I like how we see some bread being ripped on 10:03
😂😂😂
lol
0:18 my brain already has melted
Erm actually, that’s not possible 🤓🤓🤓
ALTUALLY @@coolkidwise2496
Those sounds are pure nightmare fuel
I have trouble sleeping and I found myself very calmed down and almost ready to fall at the end of you video. Your voice is very cool to listen to and the topic was fascinating
Absolutely amazing how accurate your videos are, great stuff
Had an f-15 goin more than 100dc, permanent eardamage. It was flying above me at 30ft at full afterburner and pulling up at me so i melted and go deaf at the same time.
9:55 “So we could only imagine what it could do to animals”
proceeds to show a clip of someone ripping bread with a red filter
Always supporting you, Mr Slav❤
I wonder how many rare sea creatures have been vibrated to death by submarines
Me too
Not only subs but naval ships as well. Well, not fishing ships.
Even if some fishing ships have sonars, they are pretty weak compared to military warships because of their size which can fit a colossal sound canon, and another thing is that fishing ships do not need such a giant sonar, since they want to see what's underwater, but not kill the creatures.
Still, a lot of rare sea creatures are rare because of these sound canons and one day, they'll be all extincted.

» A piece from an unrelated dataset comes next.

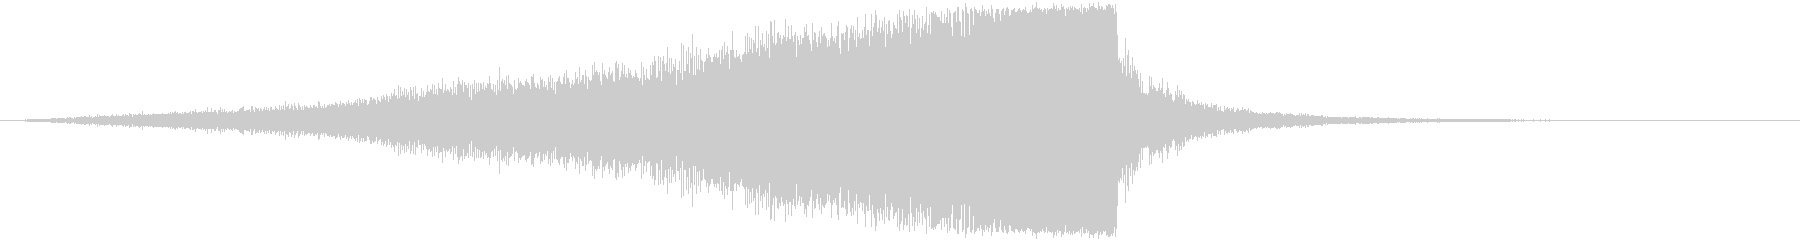 【シーン切替】ダークシネマサウンド_02の未再生の波形
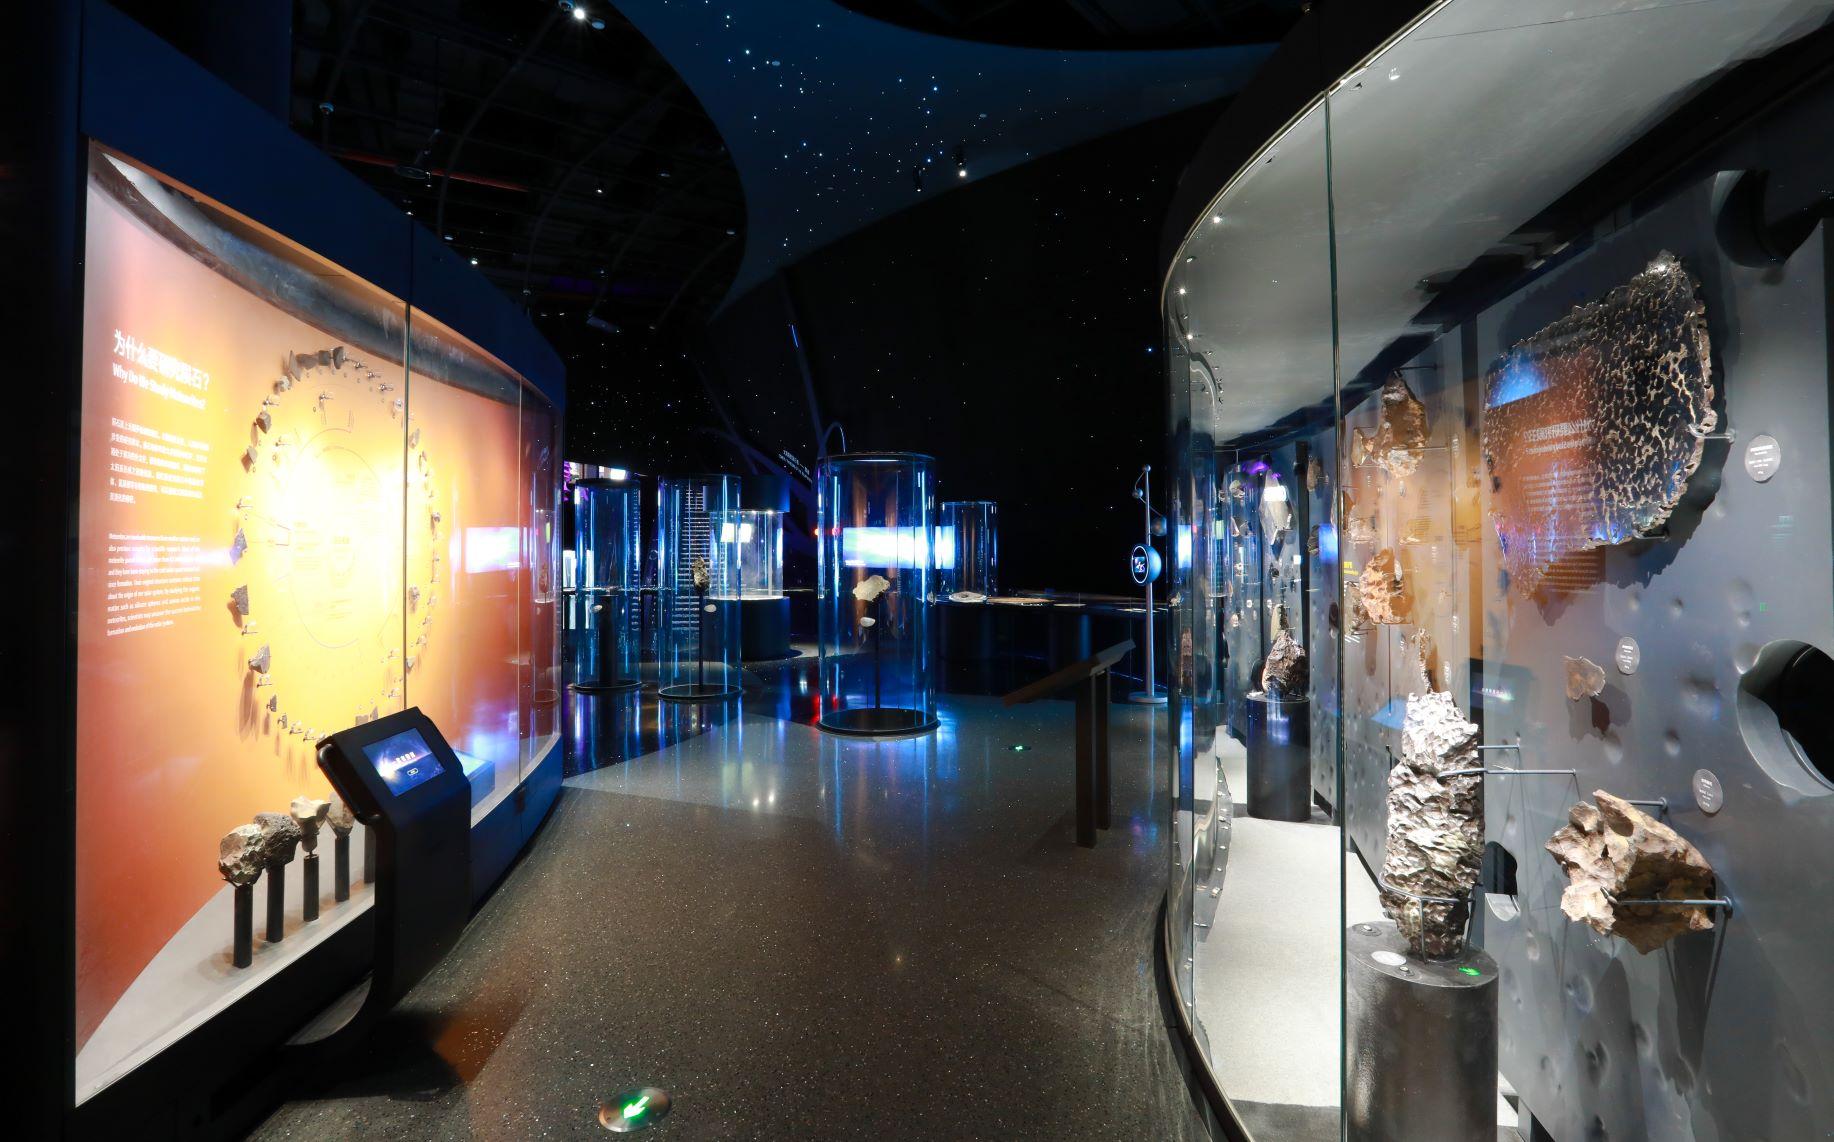 上海天文馆:一座仰望星空、脚踏实地的科普旅游新地标

I'm sure with the tech we have now we could use different ways to detect stuff underwater, like using LIDAR for example, although this would mean blasting very high powered beams of light just so it can reach the bottom of the ocean, but the radius would be significantly lesser than blasting an sound canon that can be heard from the US to the other side of the atlantic ocean.
Pretty much none since most pings are from the surface ships trying to find submarines
“Still not as loud as a sneezing father” **fucking vanishes** **refuses to elaborate**
Keep up the great videos! I was skeptical about this channel's change of direction but it's going well!
In call of duty ghosts there's a diving mission where you use termite to cut through a old ships hull before attempting to plant a charge on a modern destroyer. It uses active sonar and the entire time you are trying to seek cover to avoid getting killed by a ping. This isn't by any means realistic but it is the first time I've learned active sonar is actually lethal
6:55 sonars just took the term *shake your body body* to a whole new meaning
Imagine how loud and disruptive this would be for sea animals that use radar to communicate to each other.